As Obsidian began to always have multiple projects in pre-production or development at any given time, Avellone — in his capacity as the company's chief creative officer — oversaw the high-level design on all of them, offering feedback and critiques on prototypes, game builds and design documents, as well as writing and improving pitches for new games and talking to publishers about them. Obsidian's third project Dwarfs, an RPG prequel to Snow White and the Seven Dwarves that Obsidian was enlisted to create by Disney in 2005, was the first one that Avellone did not have a direct role on, with his involvement instead consisting of reviewing the work done by its lead designer Kevin Saunders and its lead story writer Brian Mitsoda and offering insight into which elements in its story achieved their goals and which elements needed improvement.

In July 2006, pre-production began on Mask of the Betrayer, the first expansion pack for Neverwinter Nights 2, with Avellone offering designer George Ziets the role of creative lead on it and giving him a lot of flexibility on its story and setting, which Ziets used by exploring the religious and mythological elements in the Forgotten Realms that were the most interesting to him. One of the five companions intended for the expansion, the half-celestial cleric Kaelyn the Dove, was almost cut early on when it was estimated she could not be written and implemented in the time the team had available. Avellone, who was not directly assigned to the project at the time, asked to write her himself so she could be kept, with Ziets remarking that she then ended up being his favorite companion in the game. Avellone also wrote a second companion for it, the spirit shaman Gann-of-Dreams. As the expansion neared release, its lead designer Kevin Saunders noted that the dialogues of the new companions were richer and longer than those of the most developed companions in Neverwinter Nights 2. Mask of the Betrayer was released in September 2007 and was well-received, with game publications calling it the best Dungeons & Dragons experience since Baldur's Gate II: Shadows of Amn and Torment and sometimes referring to it as a thematic sequel of the latter.
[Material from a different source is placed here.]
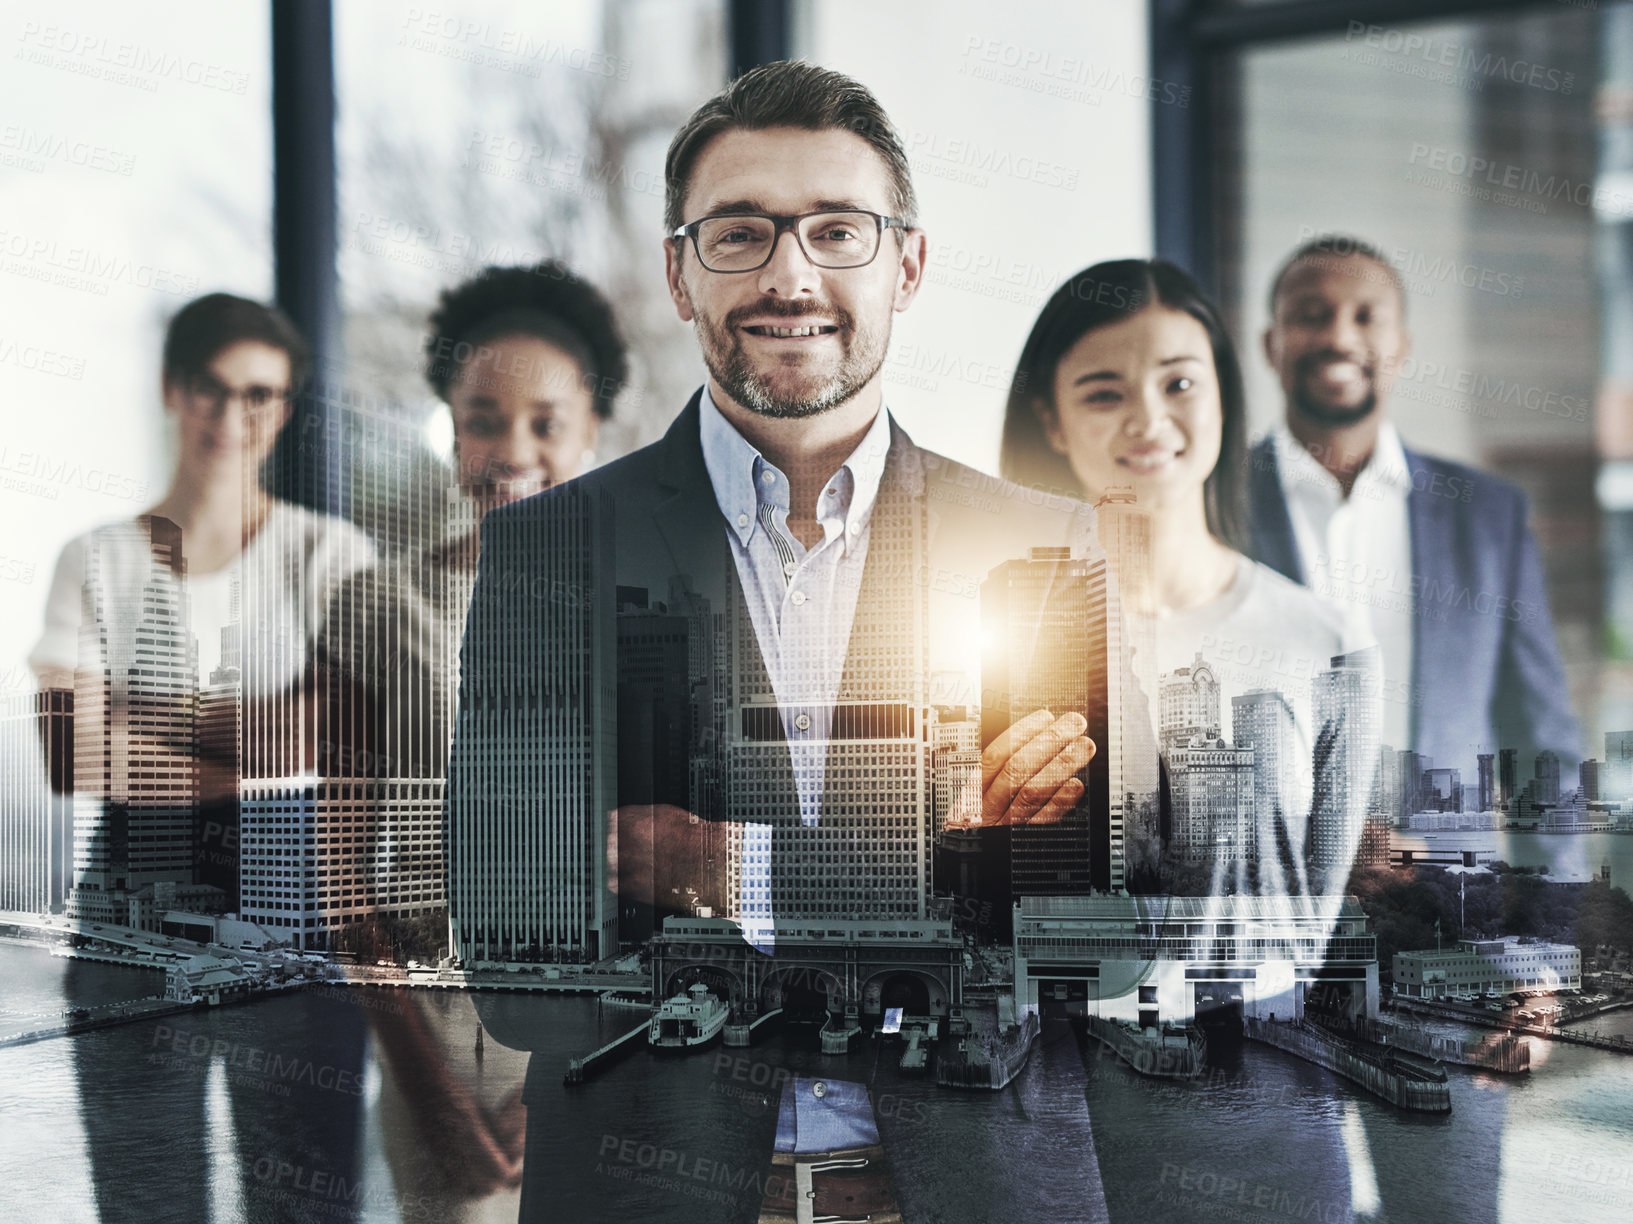 Buy stock photo Cropped portrait of a group of businesspeople standing with their arms crossed in the office

==== Alpha Protocol and Fallout: New Vegas ====

In early 2006, Sega expressed interest in having Obsidian develop a cross-platform RPG for them and were pitched an idea from Urquhart and fellow co-founder Chris Jones about making an espionage RPG that took place in the present and incorporated ideas from Burn Notice, James Bond, the Bourne series and 24. Sega liked it and decided to pursue the project, with Obsidian intending at first to retain the intellectual property rights for it, but soon giving them to Sega in return for more funding so they could prevent layoffs when, as the deal with Sega had almost been finalized, Dwarfs was cancelled by Disney because the new leadership at that company wanted to avoid going in that game's direction with the Snow White intellectual property. Brian Mitsoda was reassigned from writing the story for Dwarfs to being the creative lead on the espionage RPG, which was named Alpha Protocol. Sega announced their collaboration with Obsidian on a game based on new intellectual property on March 23, 2006.

Near the end of 2006, Sega asked Obsidian to also begin development on a second cross-platform RPG to be published by them, this time based on the Alien franchise, with the project being named Aliens: Crucible. Avellone was assigned as its creative lead and sought to incorporate survival mechanics into the title, giving players the goal of building up a base over time and carefully managing their resources in a tense atmosphere where they would be vulnerable to attack even during conversations. The game was officially announced by Sega in December 2006.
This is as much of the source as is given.